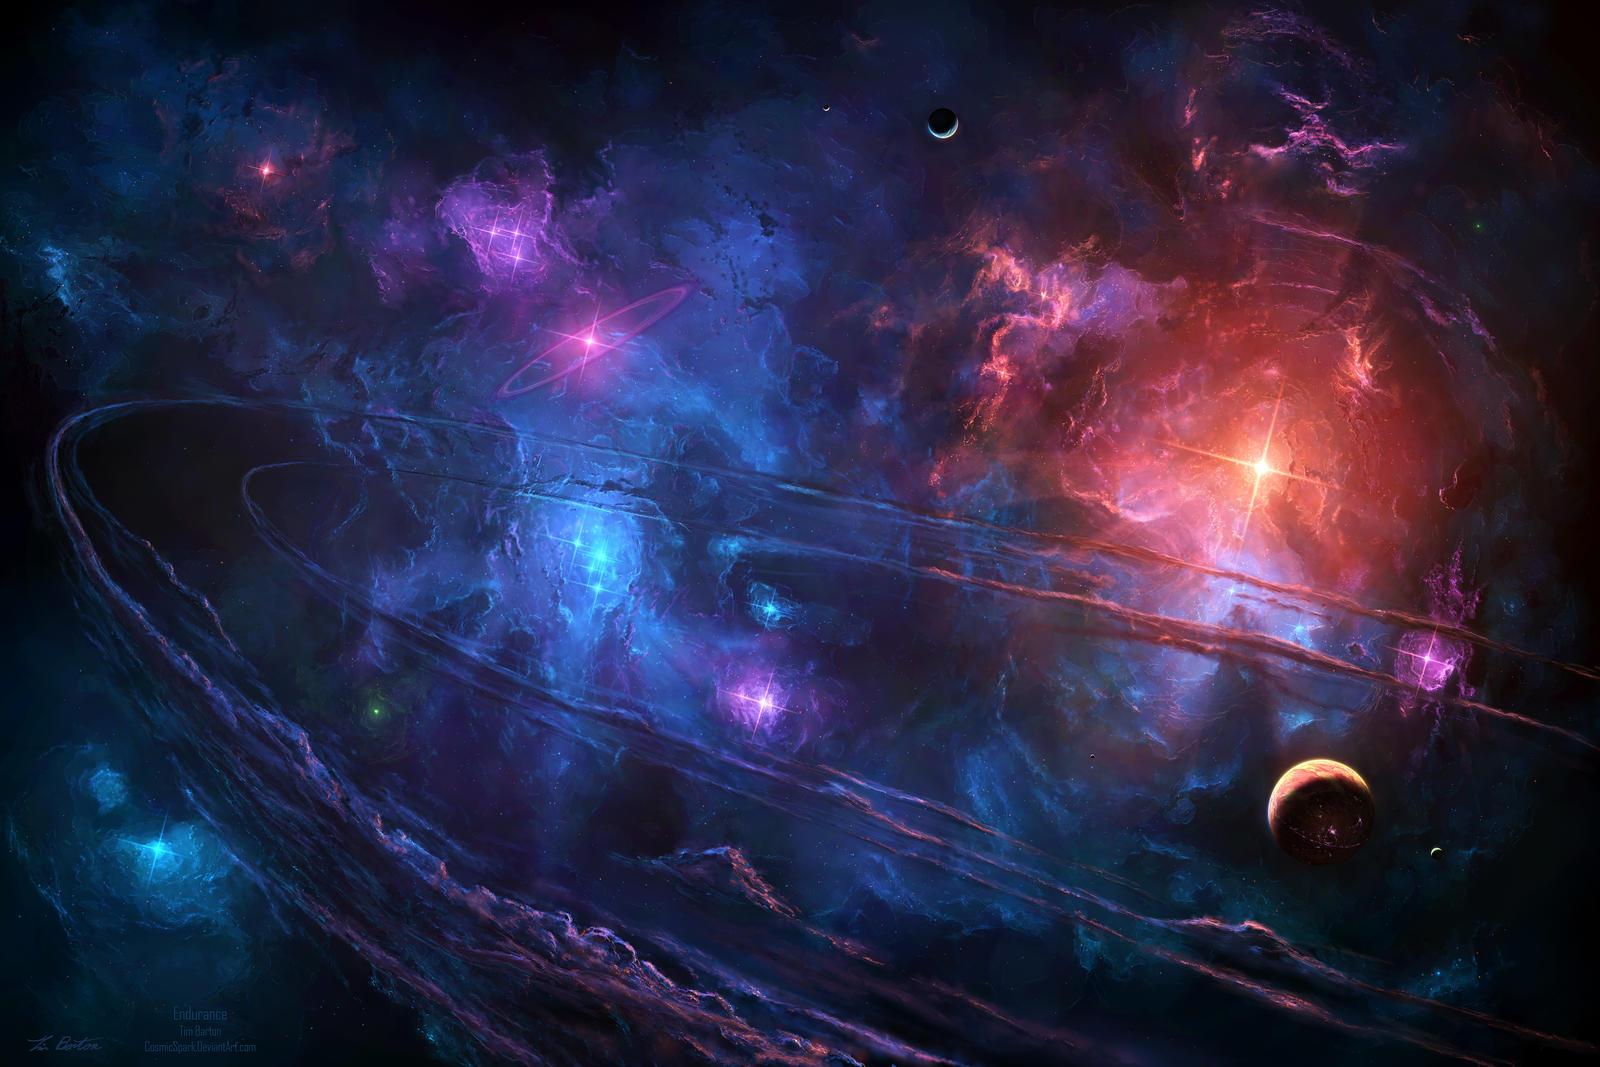 astronomy artists - photo #11
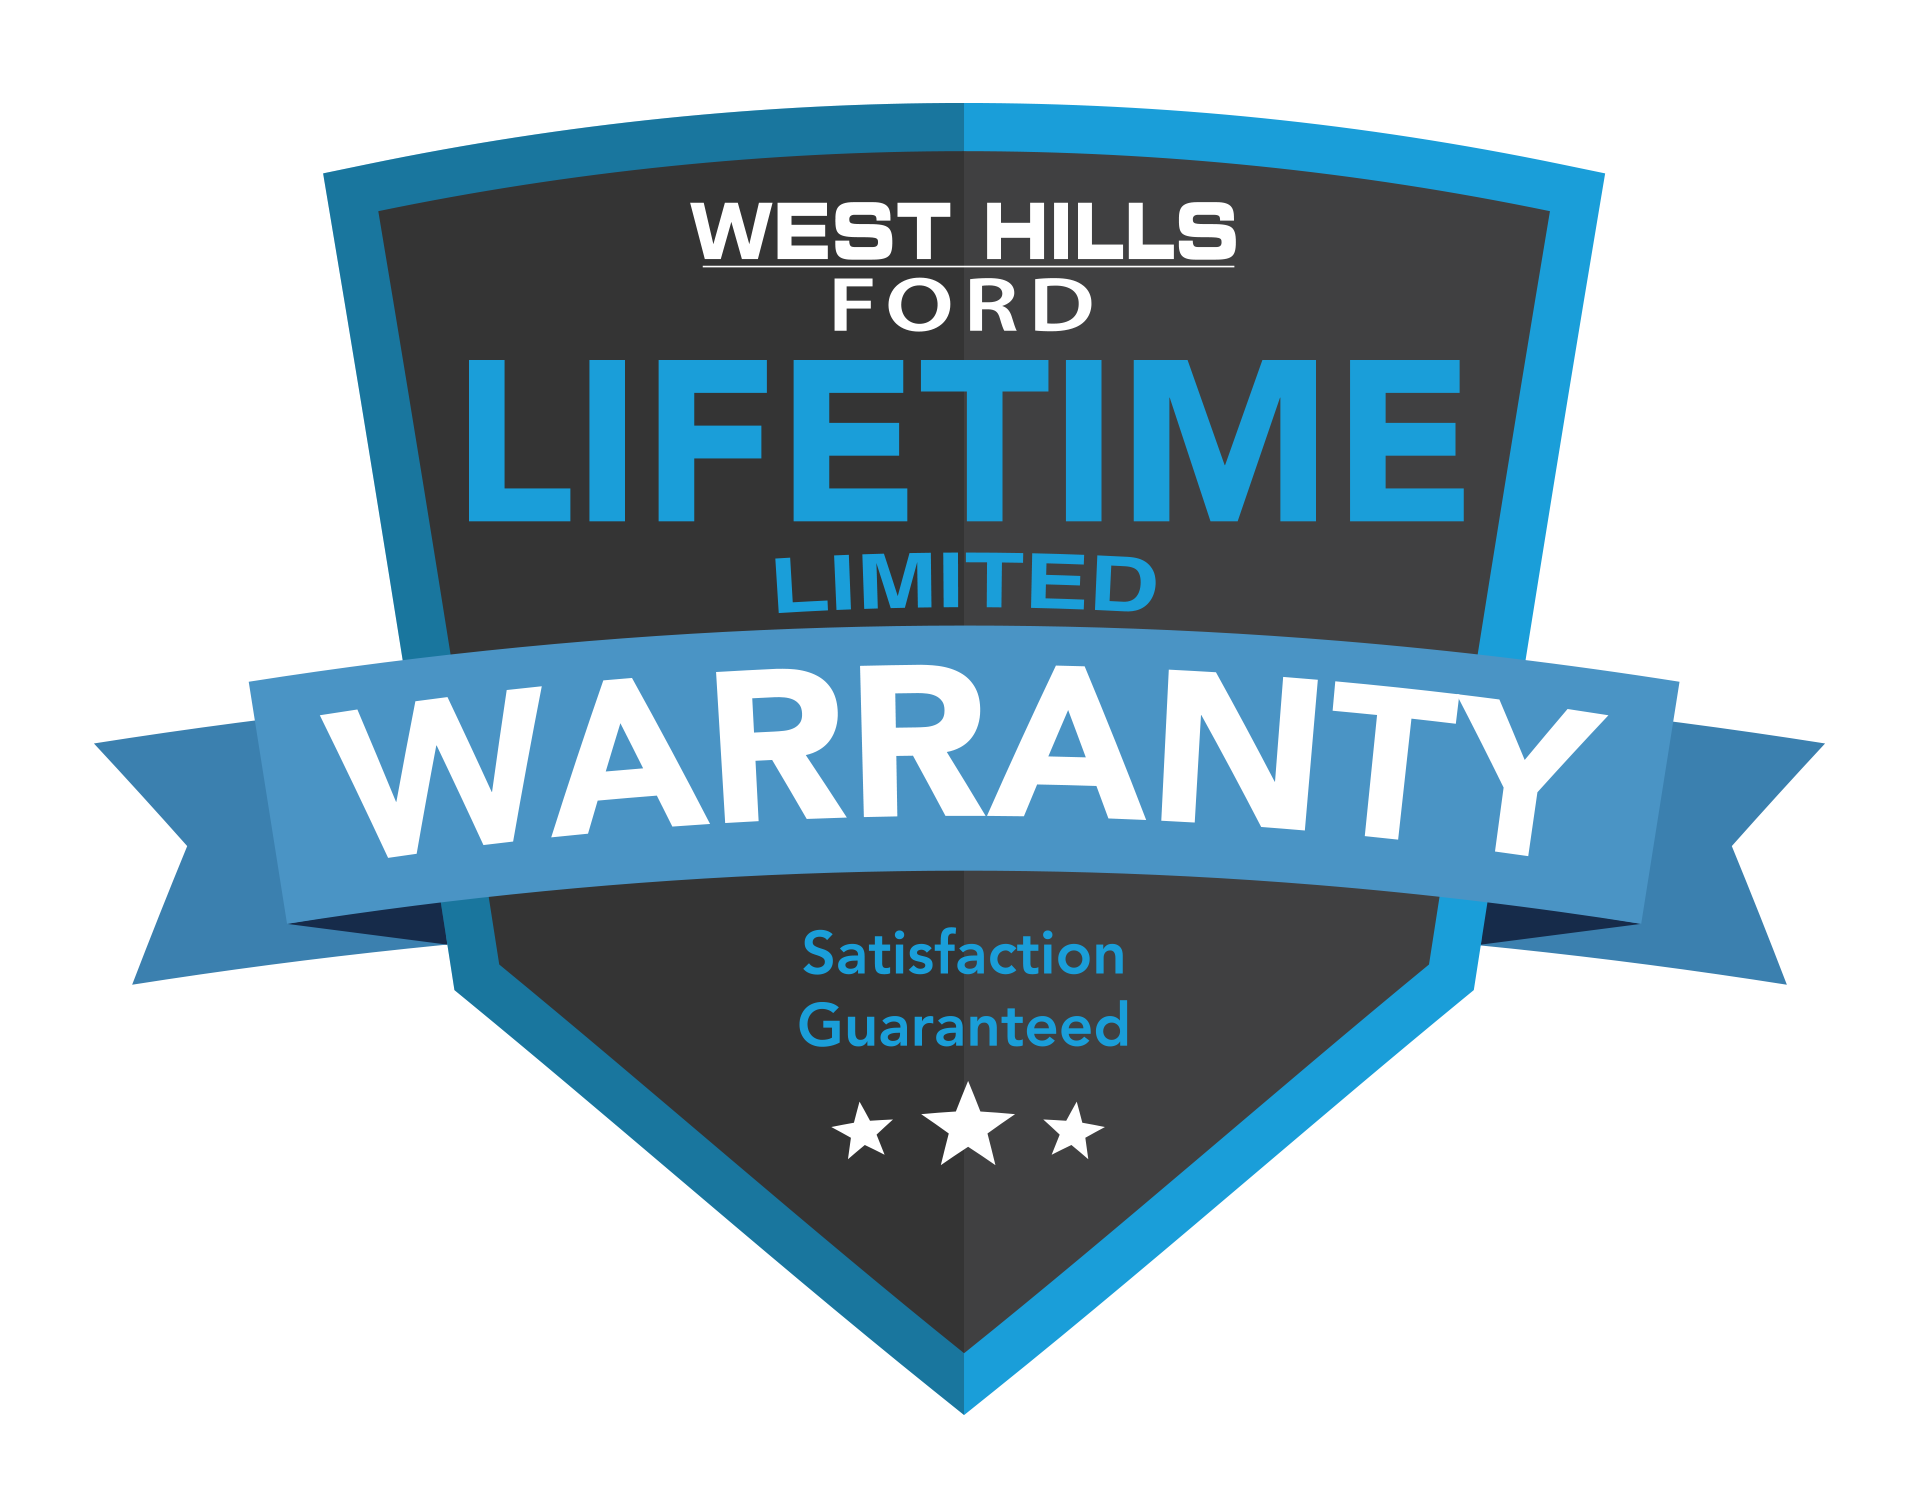 Lifetime Warranty West Hills Ford Bremerton Wa
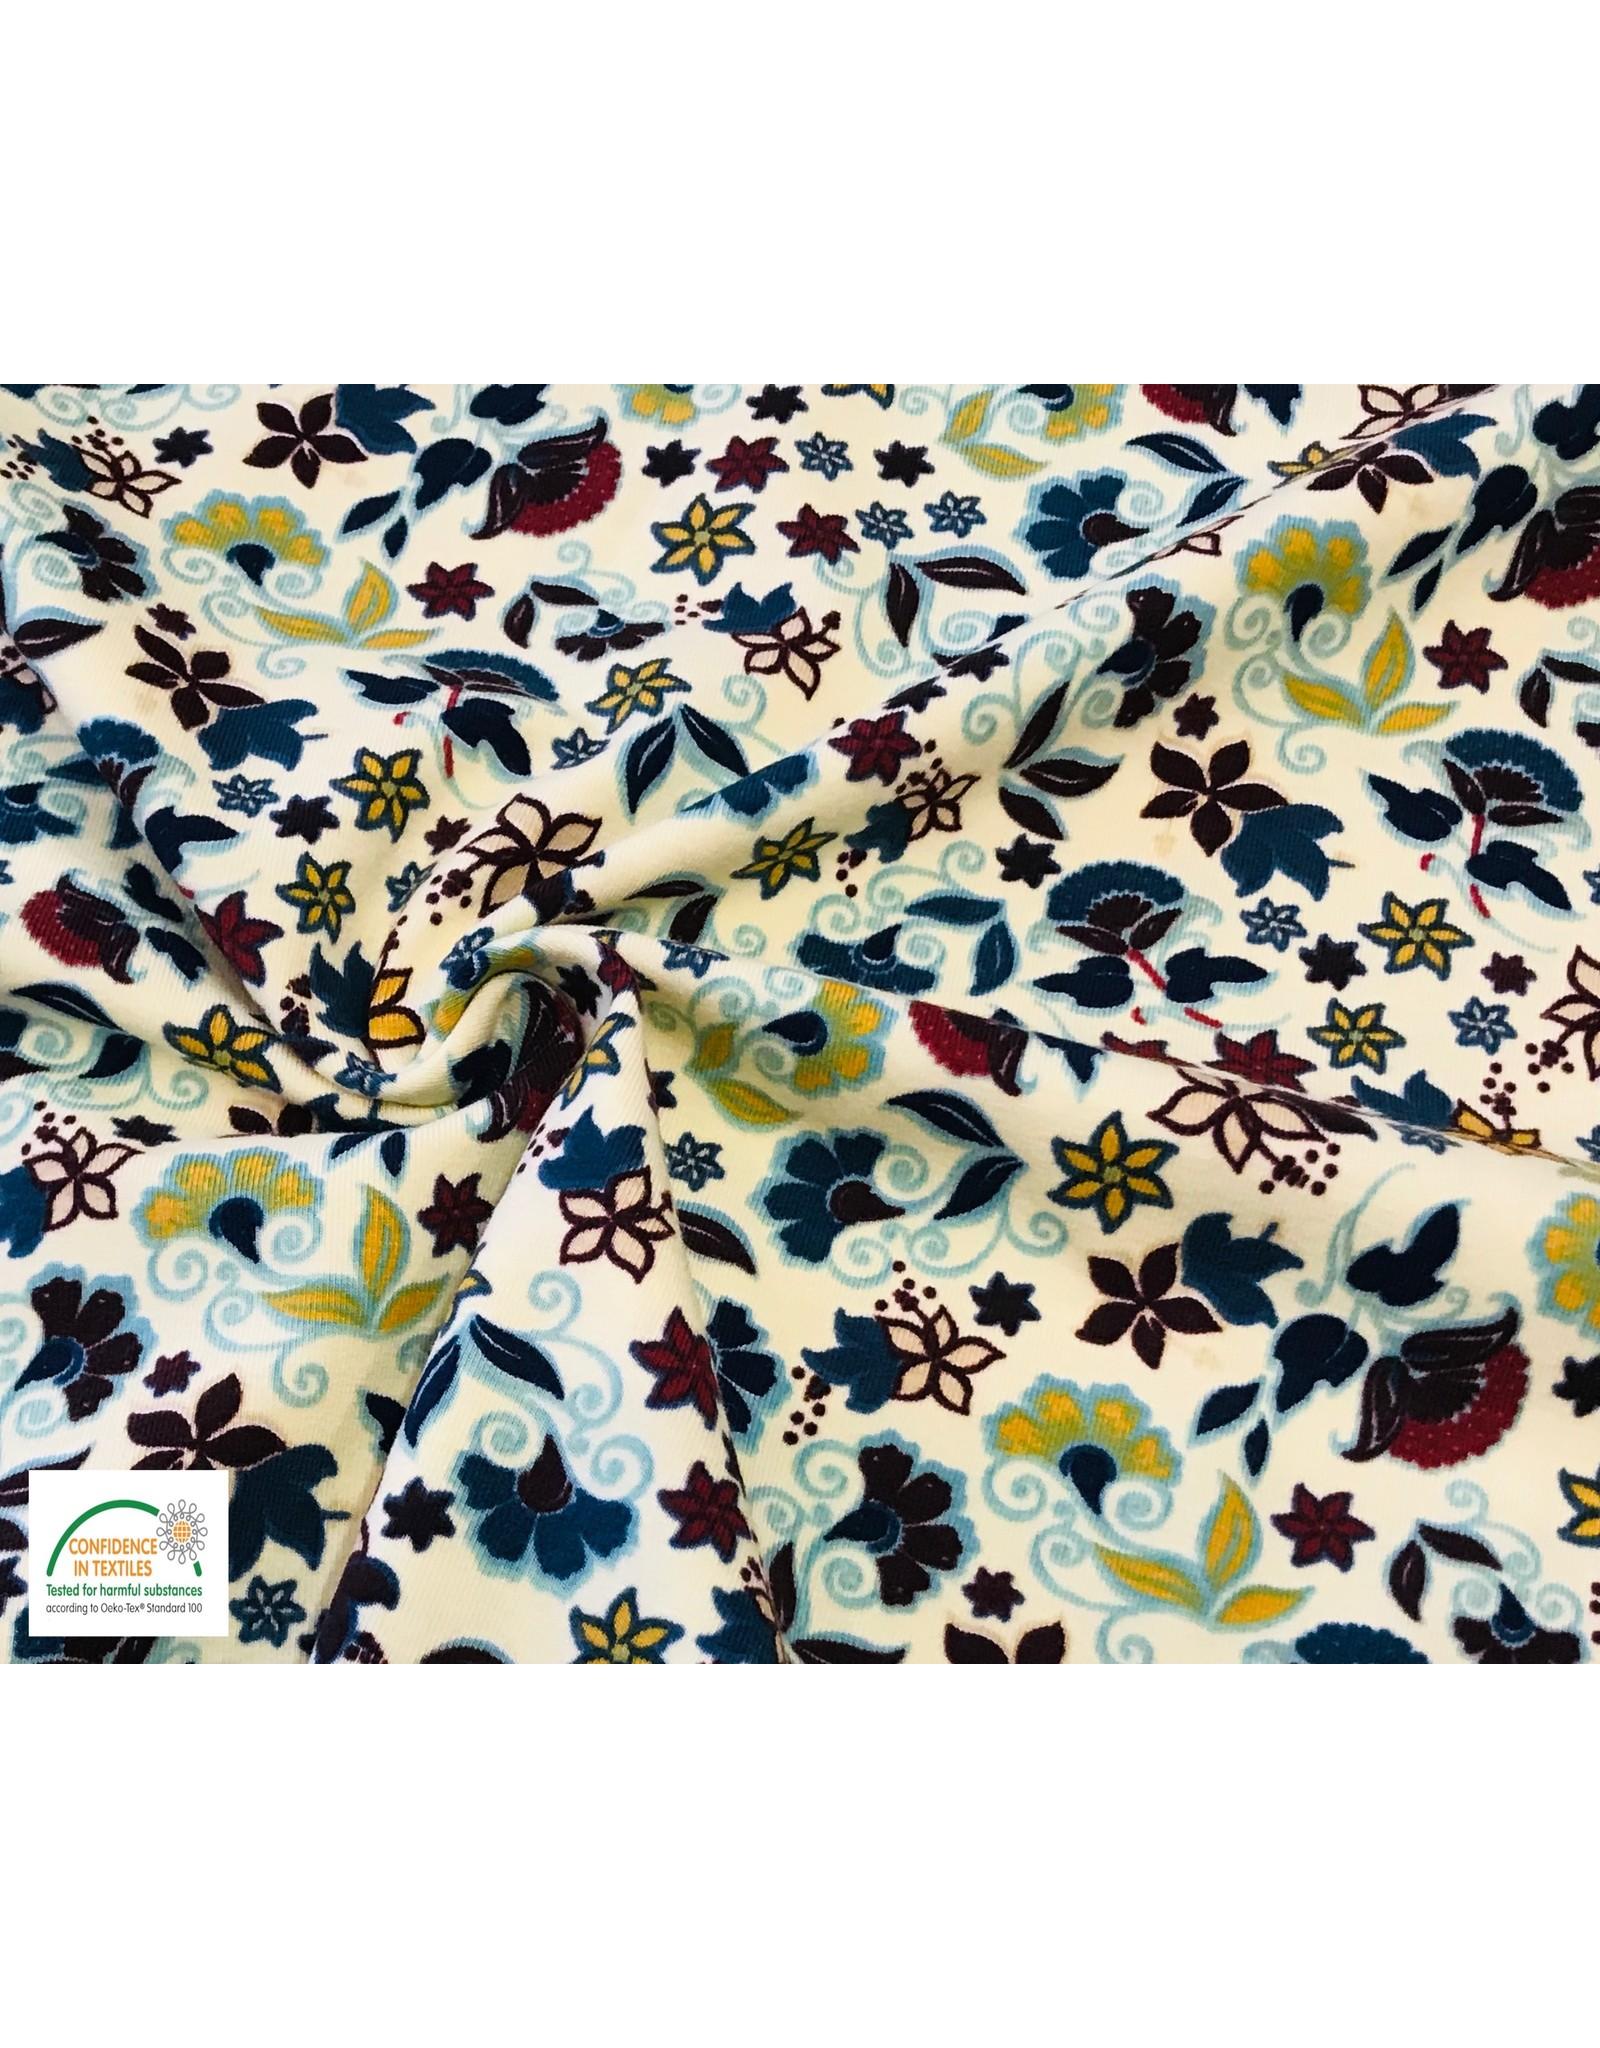 Megan Blue Fabrics Cotton jersey print ecru

EXERCISE DESCRIPTION
Everything from the line with "Lifetime Warranty West" through the last line of the listing should be retyped exactly, with both end lines kept and the pictures left out.

ANSWER FOR THE TASK
 Lifetime Warranty West Hills Ford Bremerton Wa
 Megan Blue Fabrics Cotton jersey print ecru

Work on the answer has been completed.